The membrane works by allowing water that gets past the tiles to stay on the tile side surface of the membrane, while allowing air to ventilate.
So you need to make a T shaped patch with the vertical poking through the hole, and the cross bar inside the loft.
You could use some double sided tape to hold it together and maybe a couple of stitches as fixings? Staples?
 
Hot flame in a loft? Yeah they seem to know what they are doing, which would make me question any repair they plan to do unless the "doing something about it" is patching in a new section of membrane from the roof side.
 
It happened soldering joints in the pipes visible just below the offending areas.

The hole is right next to a roofing lath, meaning a fix could be very involved?

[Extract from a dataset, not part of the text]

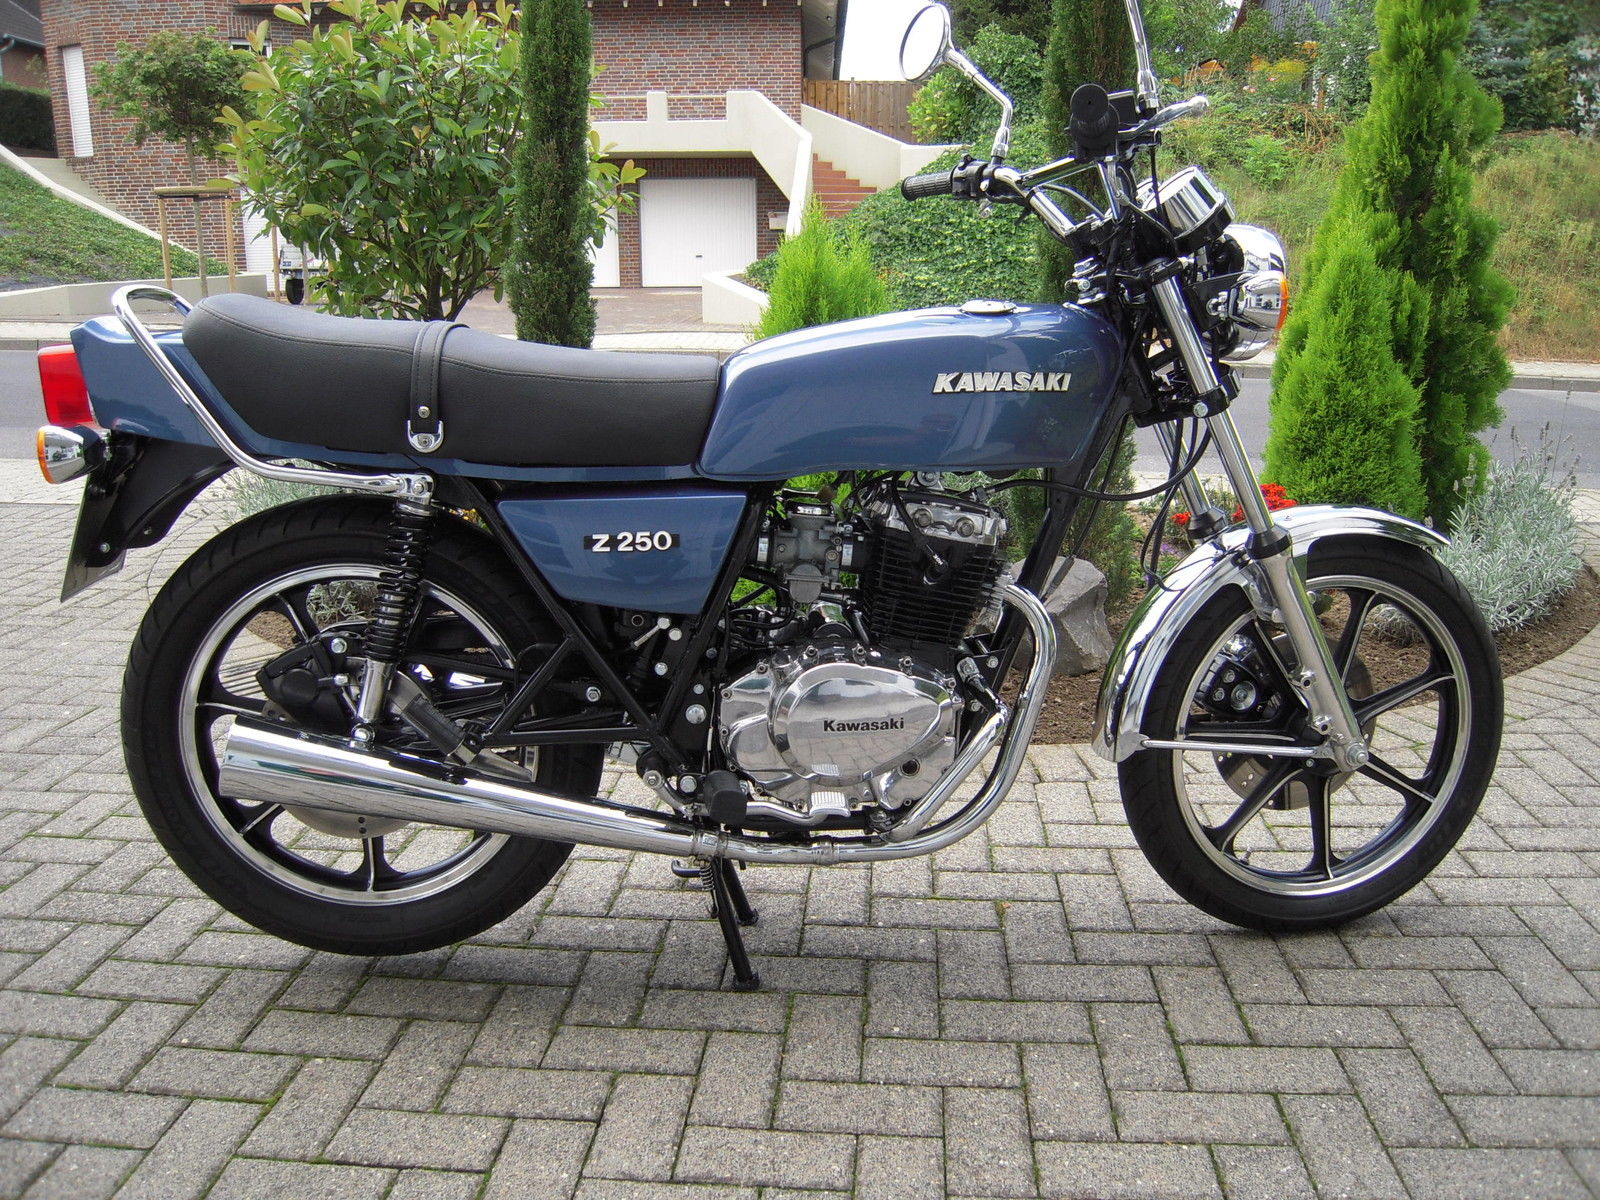 Kawasaki Z250 - 1980 - Right Side View, Gas Tank, Side Panel, Seat and Strap.

Obviously I'm annoyed this has happened, how much of a problem is it? I'm sure the company will try and get out of it, whats an acceptible level of repair vs the risk of the hole existing?
 
It shouldn't matter to you.

Someone has damaged your property, so they should put it back into the state it was in before the damage. That membrane would be expected to last in excess of 60 years.

Now if you damaged it yourself, you may accept an inferior repair, a temporary patch that will become a permanent patch if it lasts.

You would not accept a patch from the firm who damaged it, as in a few years if the patch fails the firm is no longer to be found or not interested.

Either the firm rectifies it or you get a quote from others and they pay for it. What the cost is, is of no concern to you.
 
That's just plain clumsy as above needs reinstating to original condition.
As an aside there is absolutely no need for any plumber/heating engineer to be doing hot work in lofts (or anywhere else)
When using copper we shifted to press fittings some years ago. Quick neat no flame!